Saturday, November 14, 2015

Lord, Make Me an Instrument

"later that night
i held an atlas in my lap
ran my fingers across the whole world
and whispered
where does it hurt?

it answered
everywhere
everywhere
everywhere."
~ Warsan Shire

Sometimes, it is all too much. There is too much pain and death and hurt. Too many places torn apart by violence. Too many families fleeing for their lives. Too many who are threatened because of the color of their skin, who they are, who they love. There is too much for one person to handle, too much to take on.

Right now, all I can do is silently cry and pray for the world as I listen to a friend play Faure's Pie Jesu on his trumpet, while stroking the soft ears of my dog, who really doesn't know what is going on but knows that I am sad.

At times like this, I turn to music. I love to sing but at times like this, I can't always sing out loud. The pain and emotion becomes too much and I choke on the grief and the tears. I have to settle to listening to others express my feelings and singing the words in my heart.

That is not to say that I am silenced. No, it is merely a pause before I come in, stronger than before. It is singing into the rest. It is an energized rest.
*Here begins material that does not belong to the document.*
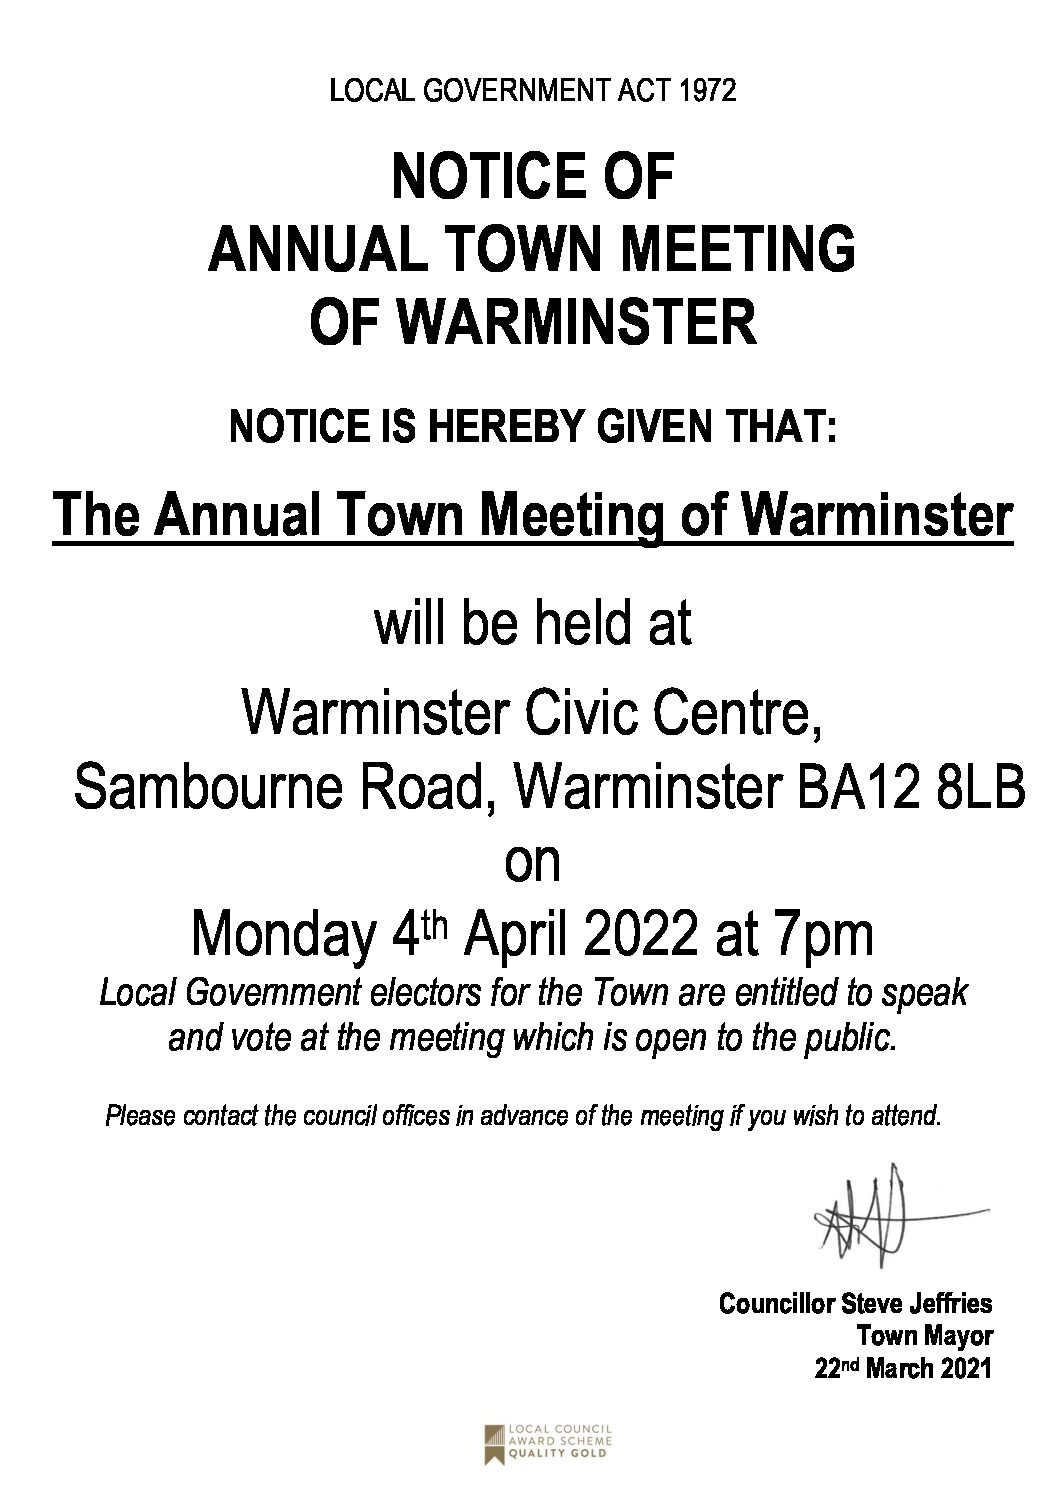 Notice of Annual Town Meeting of Warminster

And while I rest, others are singing, praying, doing, waiting for me to join them.

So, what is my next note, my next phrase? Well, as Anne Lamott wrote today, I'll do the next right thing. I'll clean my home, I'll finish my gift for the newest baby in our family. I'll listen to Lauridsen's Lux Aeterna, I'll pickup litter in my neighborhood and help clear a storm drain. I'll send what support I can to those helping refugees, I'll pray for friends going through difficult times and pray for Paris and Lebanon and Syria and those affected by earthquakes in Japan. I'll pray for peace, for the whole world. I'll walk my dog, I'll breathe into the rest and I'll come back in, singing.